La question de la mémoire et de la mémorialisation a été reposée en Afrique du Sud à la suite du massacre de Marikana, en août 2012. La mort de trente-quatre mineurs en grève abattus par la police a marqué le pays et éveillé des tensions relatives à la mémoire nationale et la persistance du passé dans le présent. Dans le contexte post-apartheid, les processus mémoriels opposent habituellement un passé marqué par la violence et l'oppression à un présent envisagé comme démocratique et égalitaire. Pourtant, les échos ressentis entre Marikana et les massacres de l'apartheid (Sharpeville en tête) ont créé une collusion entre passé et présent, qui a eu pour effet la peur quasi-immédiate de voir effacer le souvenir de Marikana, et la nécessité ressentie comme urgence d'assurer ce que nous proposons d'appeler une « mémorialisation du présent ».
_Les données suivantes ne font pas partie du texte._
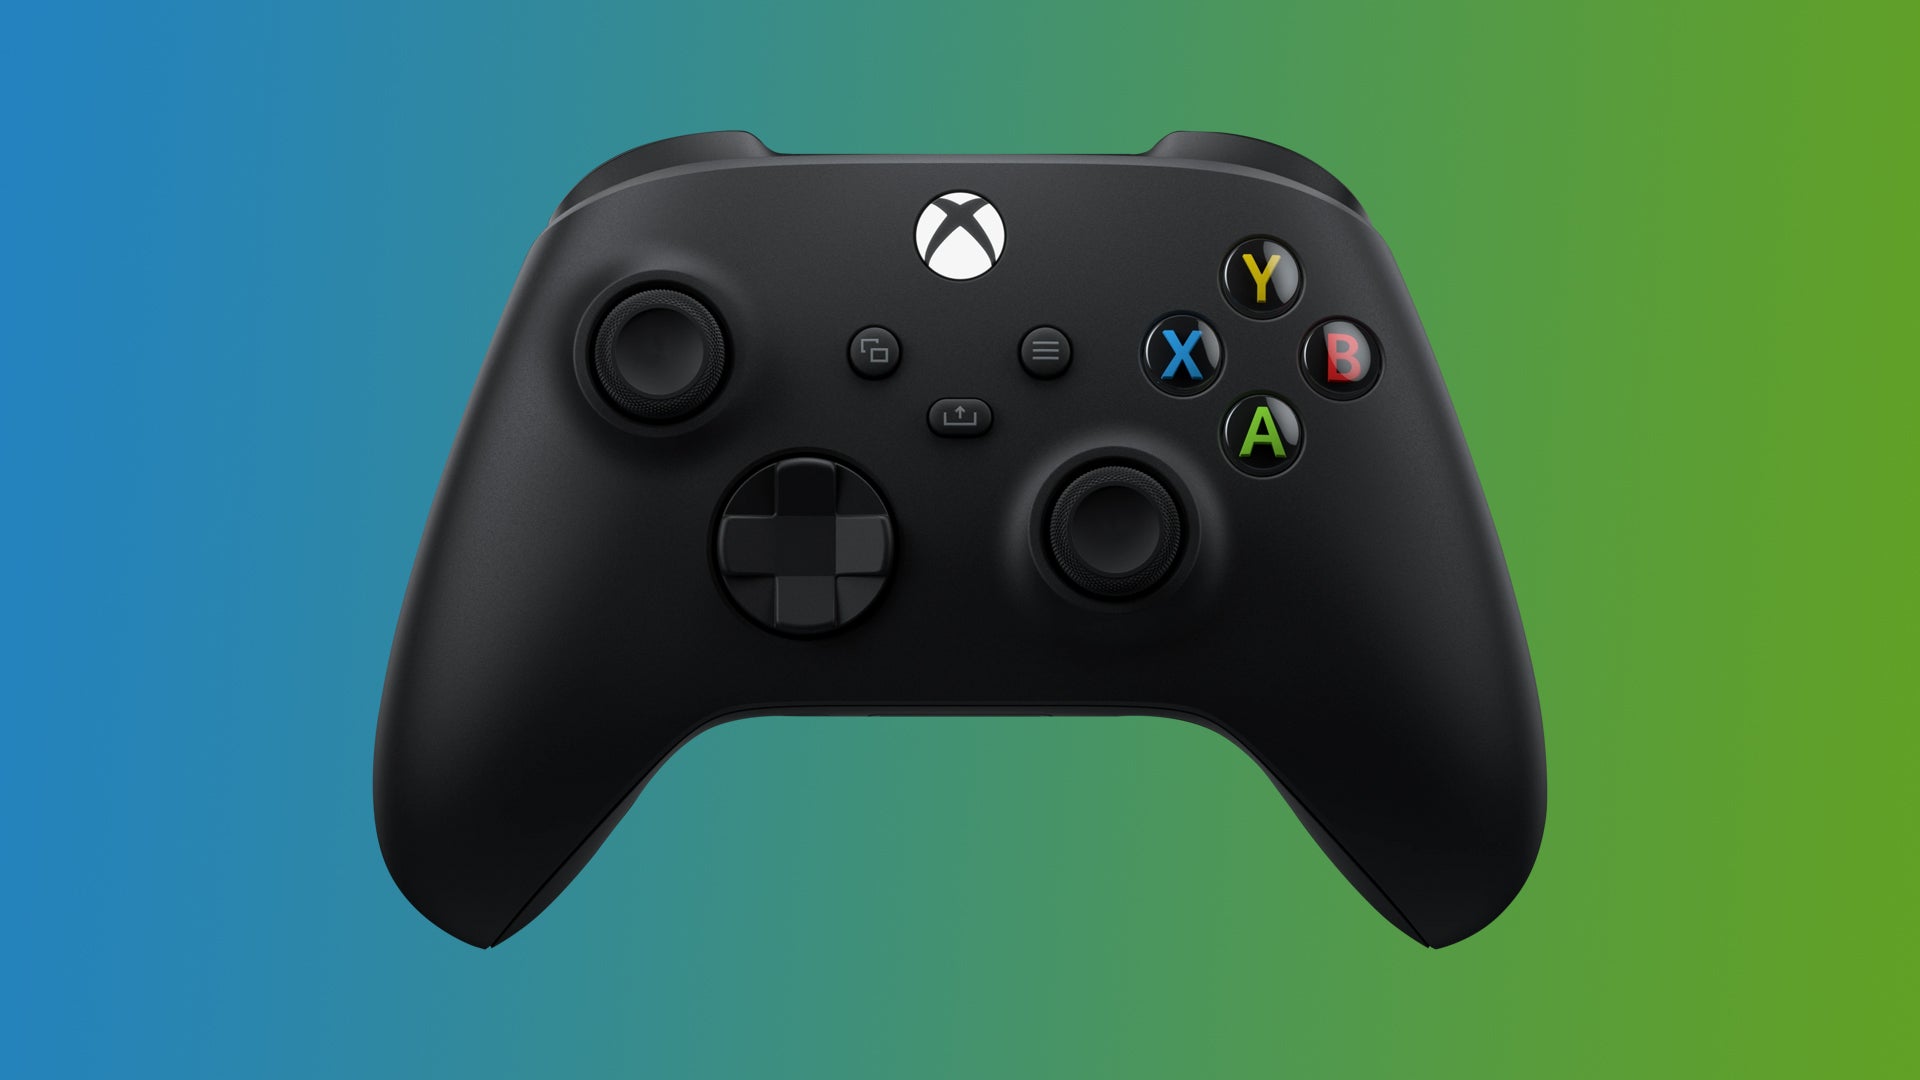 Image of an Xbox Wireless Controller on a blue to green gradient background

Nous proposons ici l'analyse d'œuvres d'artistes engagés dans cette mémorialisation. Marqués par l'héritage de la lutte contre l'apartheid, mais mobilisant de nouvelles formes et formats (audiovisuels, performatifs et d'arts de rue), ces nouvelles générations d'artistes proposent l'art comme remède à une supposée amnésie sud-africaine. Parmi ces projets, nous proposons de mettre en avant deux films : un documentaire à portée internationale, Miners Shot Down (Rehad Desai, 2014), un documentaire expérimental d'Aryan Kaganof, Night is Coming (2014), ainsi que deux projets situés dans l'espace public : Rotting Treasures, une performance de Khanyisile Mbongwa et Lindokuhle Nkosi créée pour le festival Infecting the City ainsi, enfin, que les travaux du collectif de street art Tokolos Stencils.
Nous nous proposons d'analyser les stratégies de mise en scène développées par ces artistes pour poser la question de la mémoire à l'inverse : en s'assurant de la préservation du souvenir, les artistes se posent ici comme faiseurs, ou transmetteurs, de mémoire, s'inscrivant à l'origine d'un héritage à laisser aux générations présentes et futures.